I haven’t seen Requiem for a Dream but I had it in mind when I mentioned that heroin addiction could be thought of as glamorous. I was also thinking about Van Sant’s Drugstore Cowboy. All the junkies in that movie look good. Also Trainspotting. There’s a lot of gross out scenes but the actors doing them still look good after they’re over.
Then there’s Panic in Needle Park. One of my high school teachers told me that they used to show it all the time in the Soviet Union as an example of what the USA was like. So it probably doesn’t glamorize heroin addiction but it’s still young Pacino.
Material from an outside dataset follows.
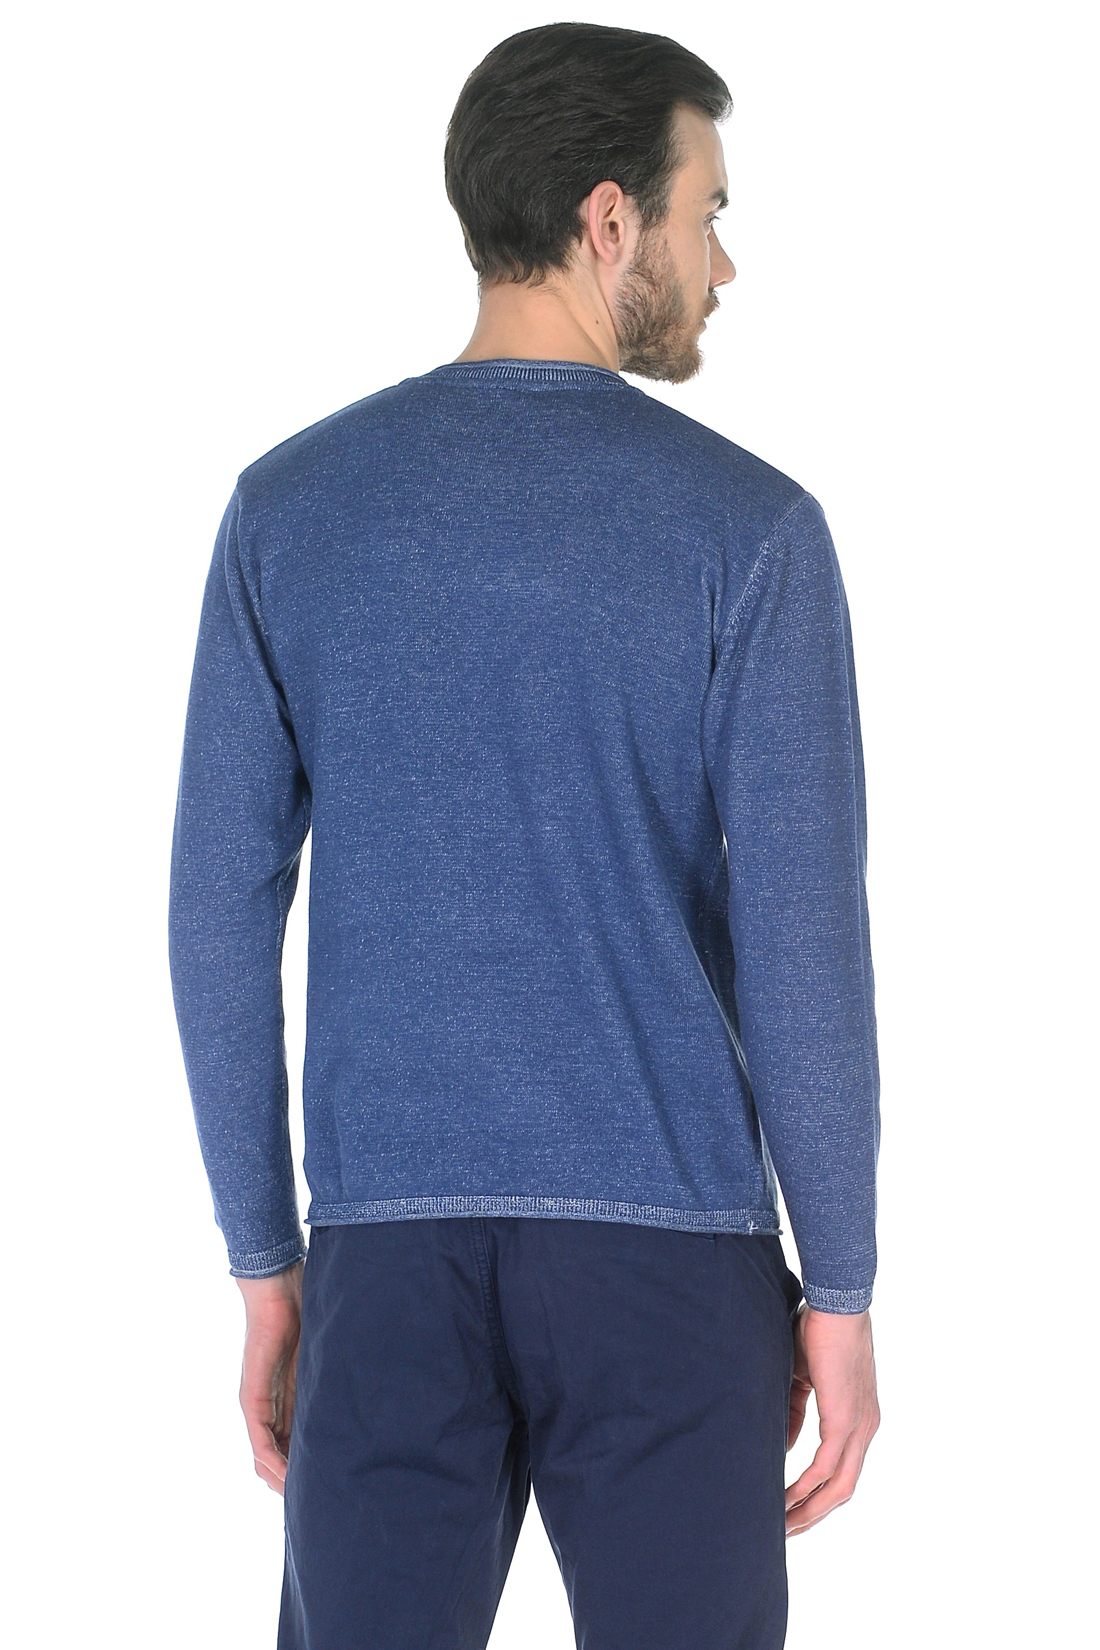 Джемпер с карманом (арт. baon B638020), размер L, цвет синий Джемпер с карманом (арт. baon B638020) - фото 2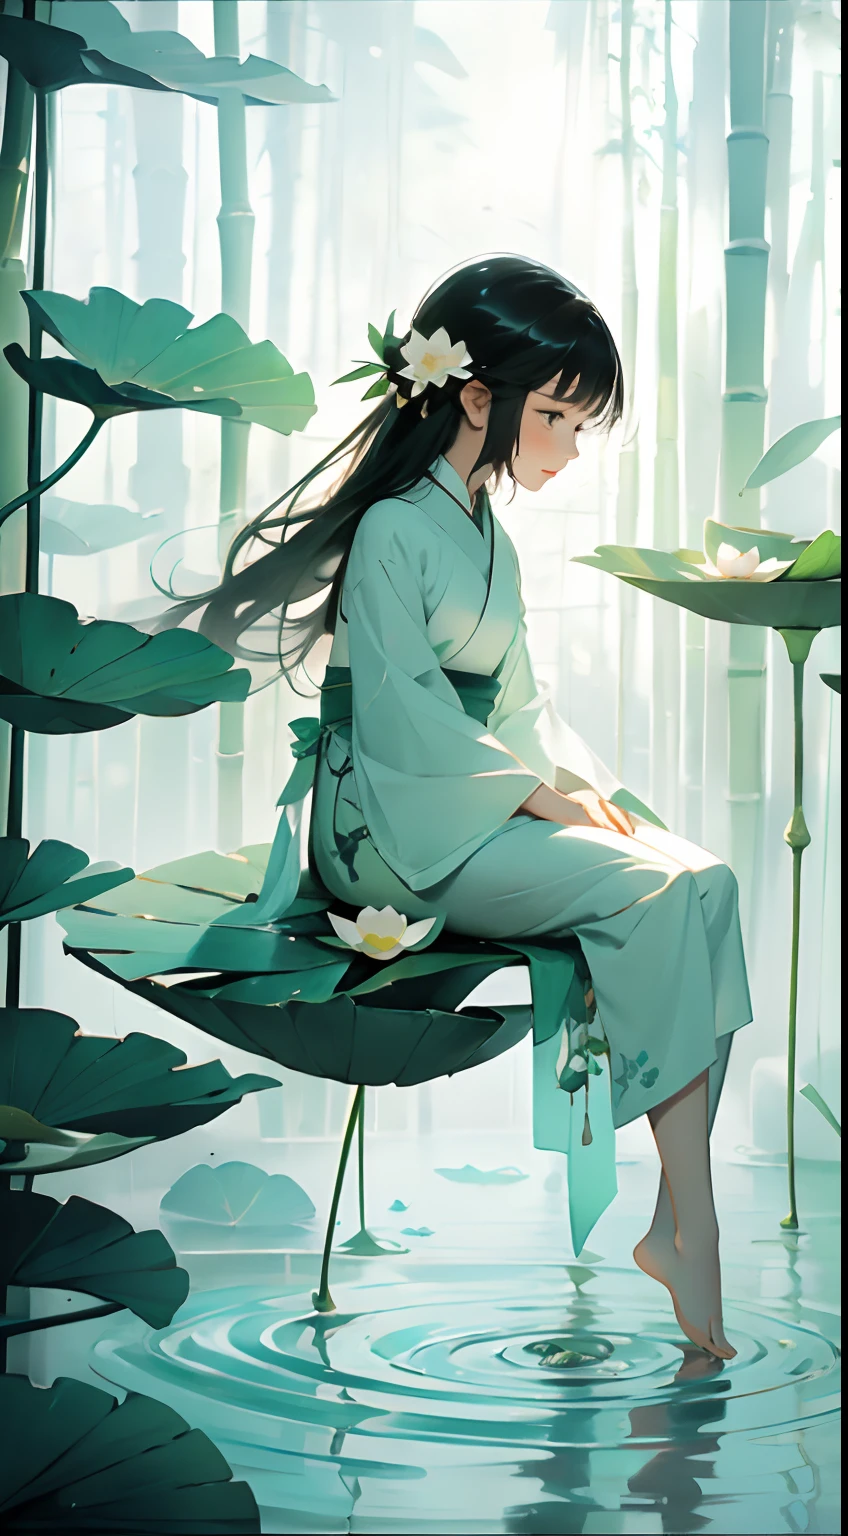 Eine Schote voller Lotusblumen, ein glückliches Sitzen auf den Lotusblättern der Schote, riesige Lotusblätter, barfuß, Gekleidet in weiß und grün Hanfu, Licht und Schatten, ein Meisterstück

Noe can be skipped. There’s probably a good essay somewhere in an addiction film overview analysis thing. There are a lot of different kinds and weirdly most aren’t that good even though there are numerous excellent novels on the subject (A Fan’s Notes, Novel With Cocaine, etc etc.). What always struck me as very off about the Requiem For A Dream movie and a lot of Trainspotting was the fact they’re fast paced like action adventure movies, making drug addiction look a lot more exciting than it actually is. And yeah, everybody in both movies looks a lot better than I did on my couch watching them, probably eating doritos.
Favorite addiction movies: Confessions of an Opium Eater (w/Vincent Price), Christine (Alan Clarke), Long Voyage Home (John Ford), The Whole Shootin Match (Eagle Pennell)
I suppose this is an appropriate addiction movie for a country currently in an undeclared war with Russia.
The real cocaine bear just ate a lot of cocaine and died. So yeah I would say that movie is more about the current political climate than what happens when you actually give a bear an enormous amount of cocaine.
1990s heroin chic
Evan Dando went to Skidmore College for a while but he got kicked out supposedly bc he smoked too much crack.
How could I have forgotten this 1990s take on drug addiction.